Leire estaba deseando follar y tuvo miedo de acabar haciéndolo si se movía de su sitio así que miró a sus amigas y con la súplica marcada en el rostro les preguntó:
-¿Alguna quiere acompañarle? Que no quiero acabar haciendo ninguna tontería.
Marga se sentía bien consigo misma tras la masturbación del lavabo que había esfumado la excitación que la noche le había provocado y no estaba dispuesta a volver a tentar a la suerte.
Alicia dudó sobre lo que hacer. Estuvo a punto de ofrecerse ya que Mireia había hecho lo mismo con el gladiador, pero pensó que no se iría nuevamente y eso la hizo decidir no decir nada aunque no las tenía todas consigo.
A Mireia le supo realmente mal por Leire. Había cosas que hacía que no podía entender, pero lo que estaba claro es que estaba tratando de no hacer la mayor de las tonterías que podía hacer esa noche y pensó que debía ayudarla. Sin embargo supo que Laura se ofrecería y se sintió aliviada por ello.
Mabel ni se planteó la opción. Si esa noche cometía una locura lo haría con la pedazo de hembra que tenía a su lado. Ya fue suficiente satisfacción ver que no se estaba ofreciendo para ir al escenario con el caballo.
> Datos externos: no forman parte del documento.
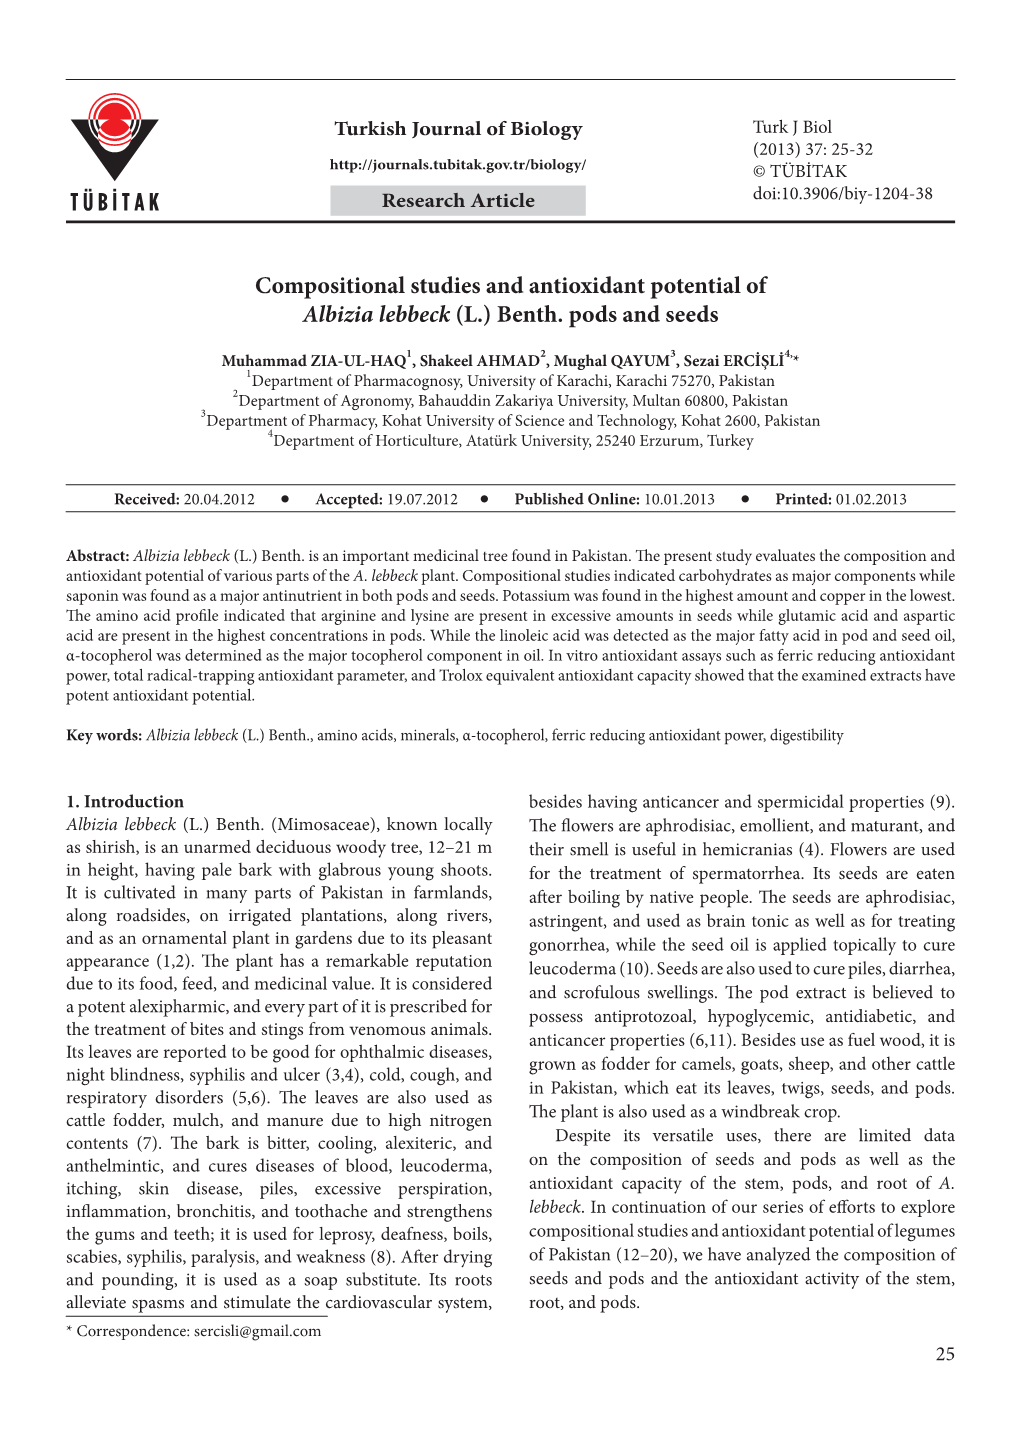 Compositional Studies and Antioxidant Potential of Albizia Lebbeck (L.) Benth

Laura notó las miradas de sus amigas clavarse en ella. Pensó que todas estaban esperando a que aceptara la petición de Leire y se sintió sucia. No le gustó la sensación de sentirse juzgada por sus amigas y las sorprendió a todas:
-Yo paso, es que el rollo animalito no me va mucho…
Mireia se quería morir. Esas palabras la estaban obligando a salvar a Leire y, con una mirada asesina pero disimulada hacia Laura, se levantó de su asiento:
-Yo iré… – soltó con resignación provocando el arrepentimiento de Alicia quien, de haberlo sabido, se habría ofrecido igual que su amiga.
Mabel estuvo tentada de agarrarla del brazo para impedirlo, pero se contuvo y no lo hizo mientras que Leire agradeció el gesto a su amiga con una mirada que lo decía todo.
Mientras tanto, el vaquero ya se había quedado en tanga y buscaba entre el gentío una chica a la que hacerle un show personalizado. El vaquero era el más veterano de todos los boys de la noche. Rondaba los 40 años, pero muy bien llevados. Aunque conservaba su sombrero de cowboy se adivinaba un pelo muy corto, casi rapado y, como no podía ser de otra forma, estaba fuerte, sobretodo tenía unos prominentes pectorales. En general se notaba que era el más hombre de todos los que habían actuado. Finalmente la afortunada fue la mujer que cumplía los 40 y que al principio de la noche había recibido el regalo por parte del mensajero.